Asked at his press conference on Monday whether taxes on wealthy people should be raised, he replied: “You bet. I’m not going to put a number on it but I worked hard when I was finance spokesman to get a capital gains tax across the line.”
The next question was whether he would raise income tax.
“Labour’s policy argues for a more progressive tax and I support it,” he said.
“I’m not going to pre-empt the process of finalising our policy but I certainly believe we need a more equitable society – we will finalise our manifesto and everyone who earns a fair share should pay a fair share.”
Wealthy people already pay a great deal more than poorer people, many of whom pay no net tax at all.
You’d think a man with his undoubted intelligence and education would understand that the tax take doesn’t mirror tax rates.

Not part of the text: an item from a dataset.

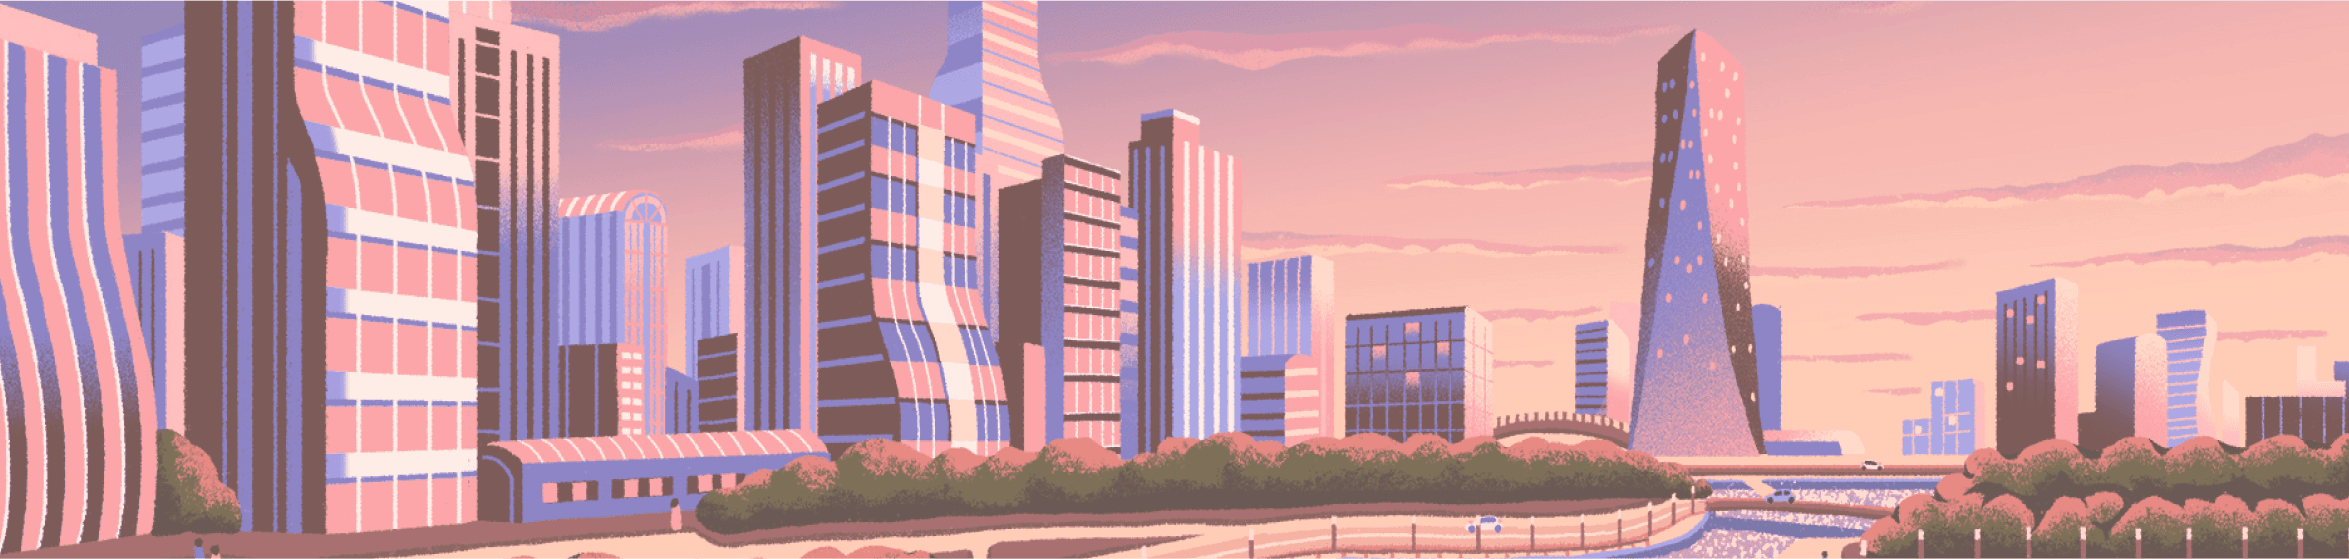 a city landscape

Increasing tax rates can and does reduce the tax take. Higher taxes are a disincentive to higher earning and people and businesses waste time and money trying to reduce what they pay.
Reducing tax rates can and does increase the tax take because it incentivises higher earnings.
There are two other leadership aspirants.
It’s very unlikely that Grant Robertson would favour lower taxes and less spending.
The third candidate, Shane Jones who is in a very small minority of Labour MPs who appears to understand the importance of business, might be more likely to do so but he’s also least likely to be leader.
National’s policies which are reducing the burden of government are the ones which do most to help the poor.
Labour’s big government tax and spend policies are those of the Clark-Cullen governments which put us into recession before the Global Financial Crisis.